### Source data
########
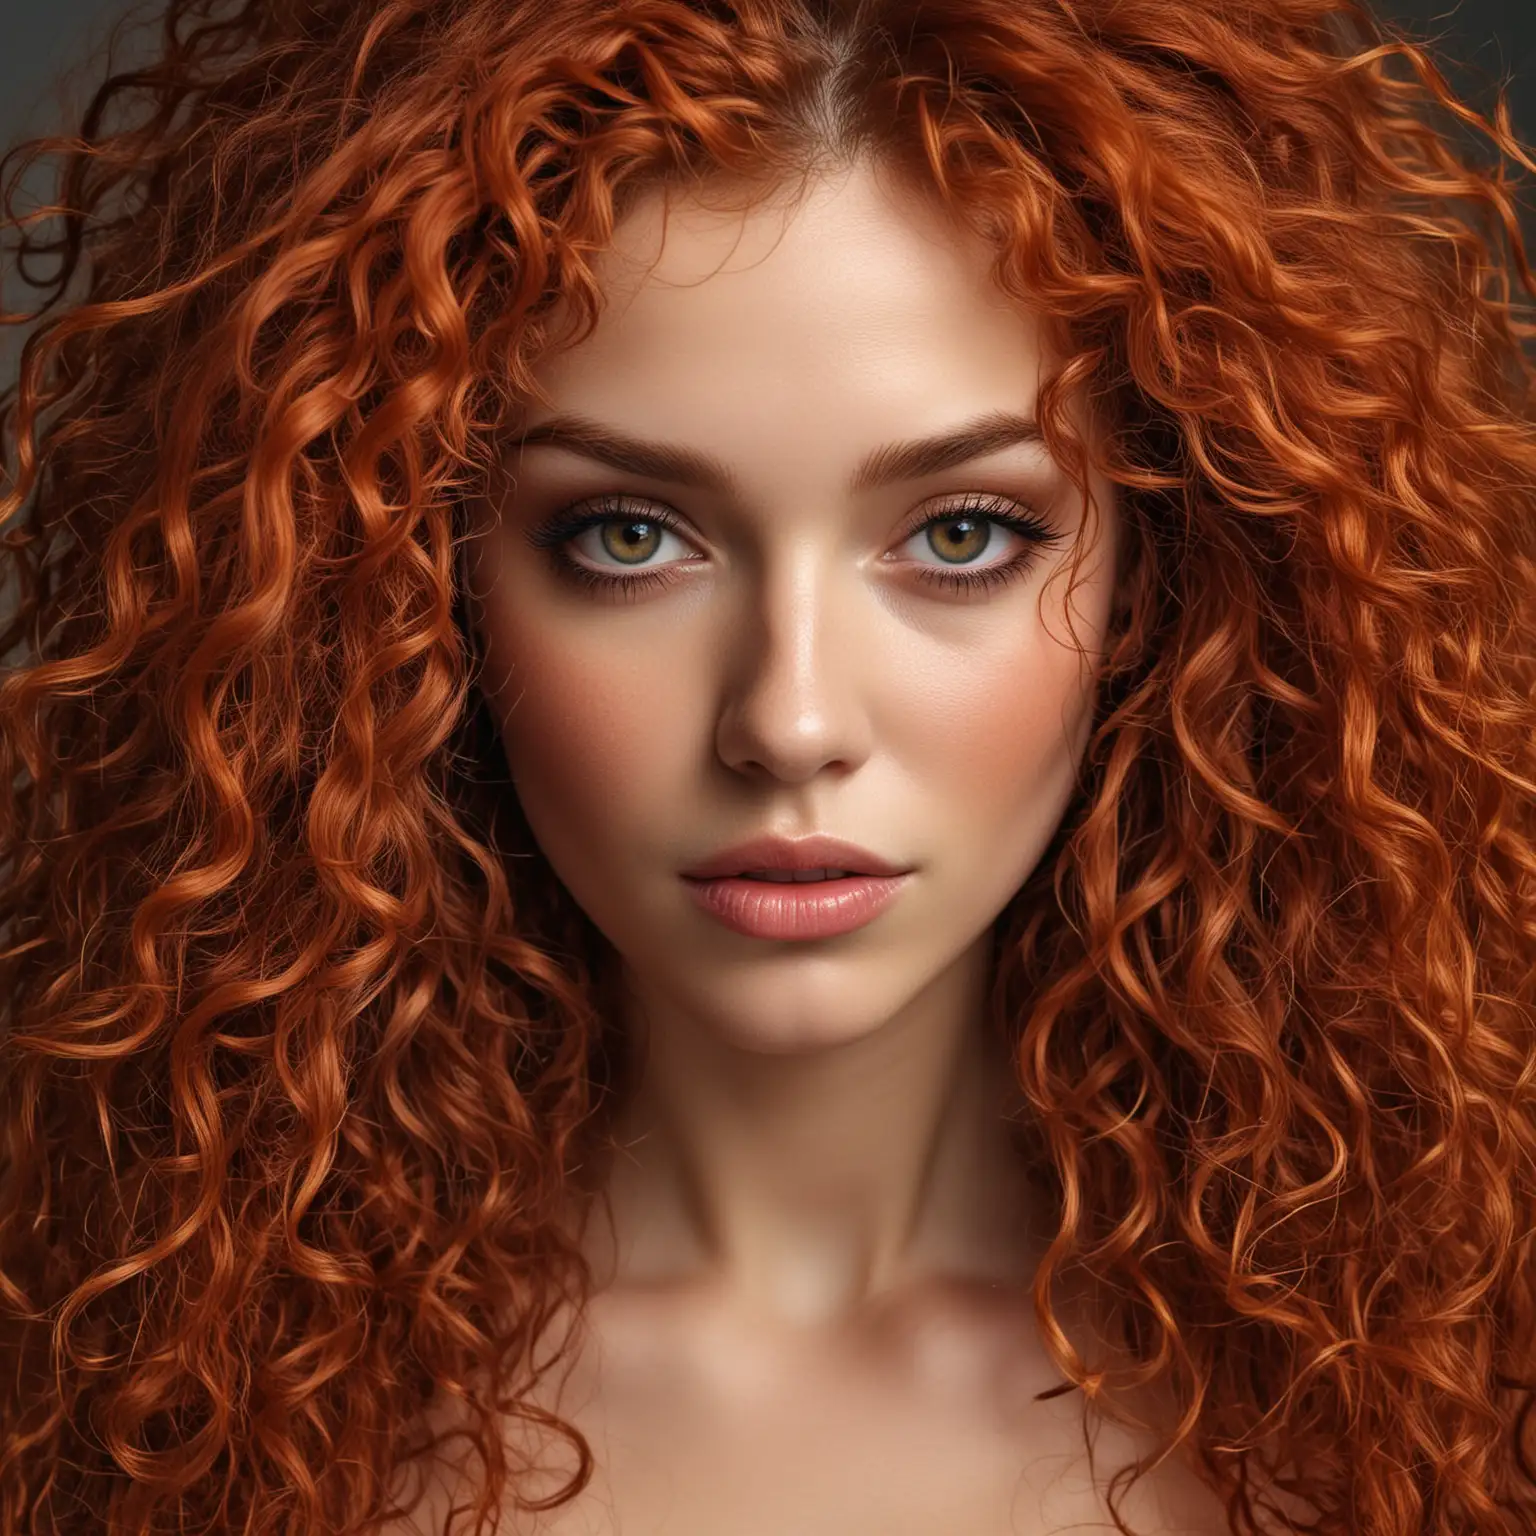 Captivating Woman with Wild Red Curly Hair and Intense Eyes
########
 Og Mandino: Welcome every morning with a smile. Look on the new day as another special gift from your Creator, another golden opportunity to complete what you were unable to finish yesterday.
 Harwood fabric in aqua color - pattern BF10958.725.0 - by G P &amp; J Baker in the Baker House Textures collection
########
### Task objective
Take exactly the lines from the one containing "Og Mandino: Welcome" through the one containing "Harwood fabric in" in the data above, and output them with nothing added.

### Response to this task
 Og Mandino: Welcome every morning with a smile. Look on the new day as another special gift from your Creator, another golden opportunity to complete what you were unable to finish yesterday.
 Harwood fabric in aqua color - pattern BF10958.725.0 - by G P &amp; J Baker in the Baker House Textures collection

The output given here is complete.